Question

Use the Product Rule to differentiate the function. $$ g(x)=\sqrt{x} \sin x $$

Short answer

The derivative of the function \(g(x) = \sqrt{x}\sin{x}\) is \(g'(x) = \frac{\sin{x}}{2\sqrt{x}} + \sqrt{x} \cdot \cos{x}\).

Step-by-step solution

Apply the Product Rule

We start by applying the Product Rule, which states that the derivative of \(f(x) \cdot g(x)\) is \(f'(x) \cdot g(x) + f(x) \cdot g'(x)\). In this case, \(f(x) = \sqrt{x} = x^{1/2}\) and \(g(x) = \sin{x}\). So we need to first compute \(f'(x)\) and \(g'(x)\), and then use them in the Product Rule formula.

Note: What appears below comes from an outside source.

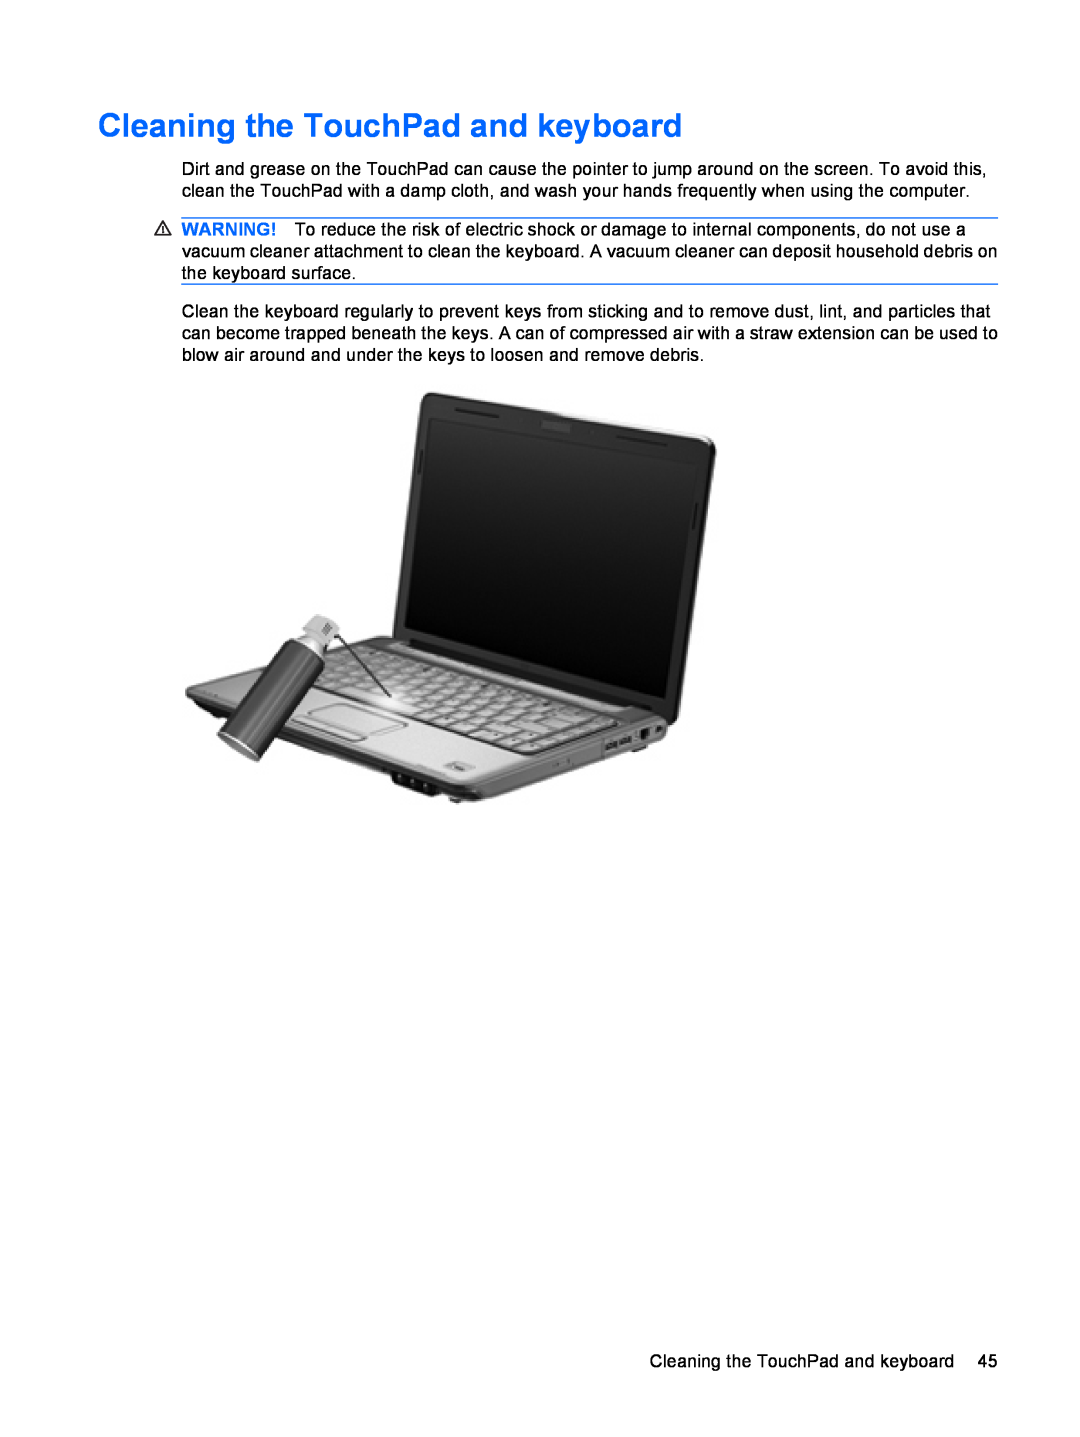 HP dv4-2160us manual Cleaning the TouchPad and keyboard 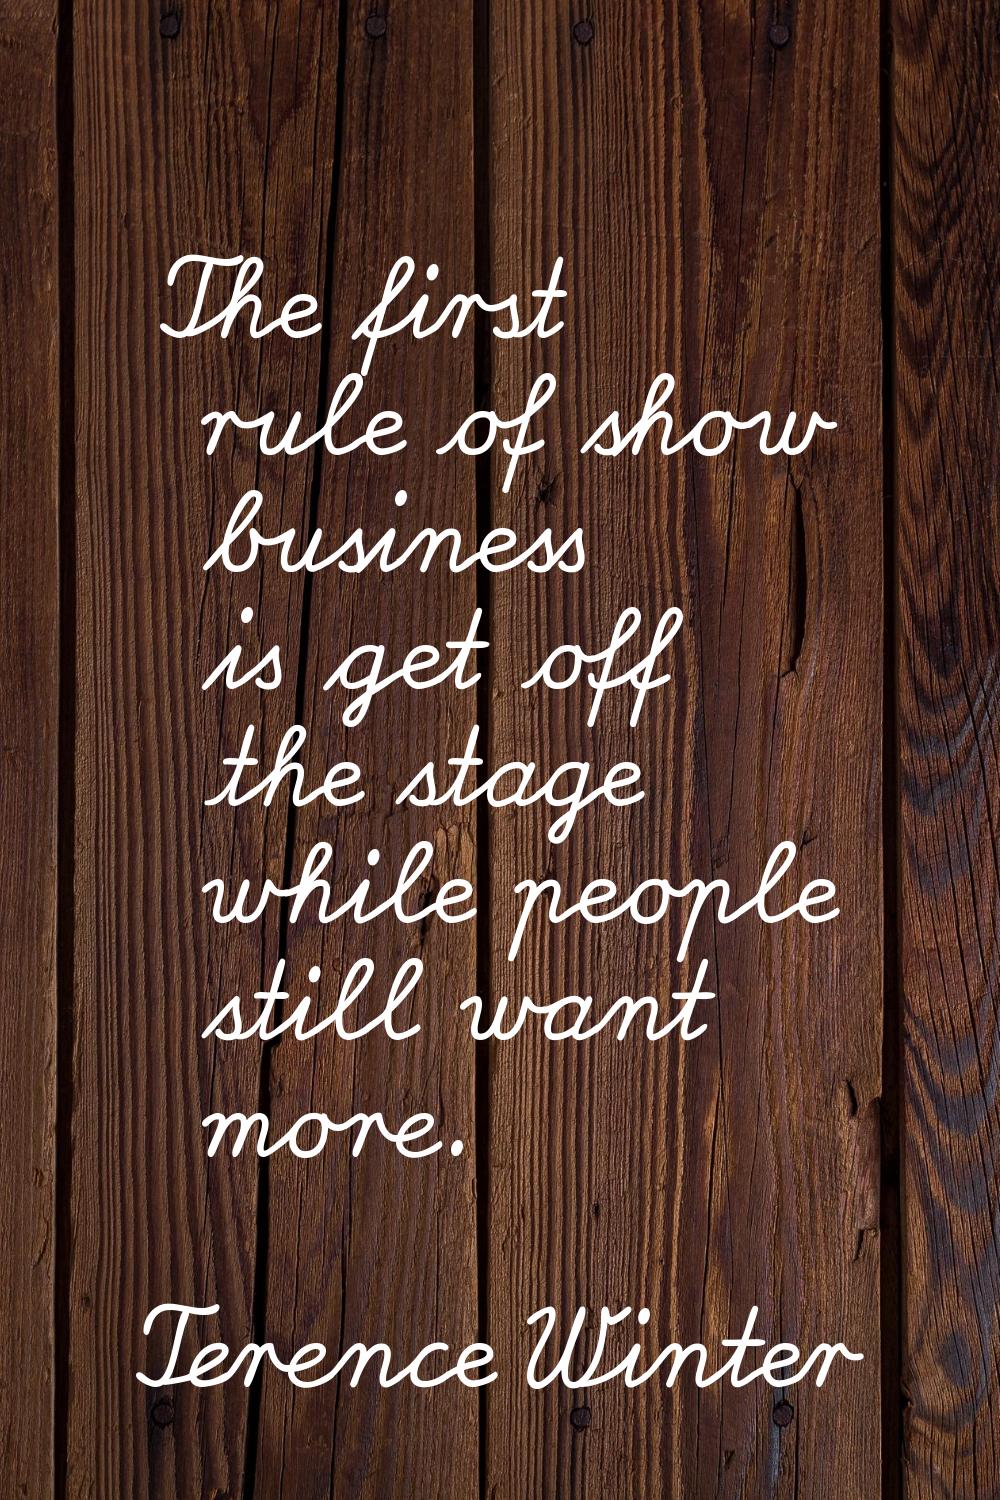 The first rule of show business is get off the stage while people still want more.

Compute the Derivatives of \(f(x)\) and \(g(x)\)

First, the derivative of \(f(x) = x^{1/2}\) is obtained using the power rule. So, \(f'(x) = \frac{1}{2}x^{-1/2}\). And the derivative of \(g(x) = \sin{x}\) is simply \(g'(x) = \cos{x}\). We can now substitute these derivatives back into the Product Rule formula.

Substitute Back into the Product Rule Formula

Substituting these values into our formula, we get: \(g'(x) = f'(x) \cdot g(x) + f(x) \cdot g'(x) = \frac{1}{2}x^{-1/2} \cdot \sin{x} + x^{1/2} \cdot \cos{x}\).

Simplify the Result

Our result can be simplified by writing \(x^{-1/2}\) as \(1/\sqrt{x}\), yielding the final answer \(g'(x) = \frac{\sin{x}}{2\sqrt{x}} + \sqrt{x} \cdot \cos{x}\).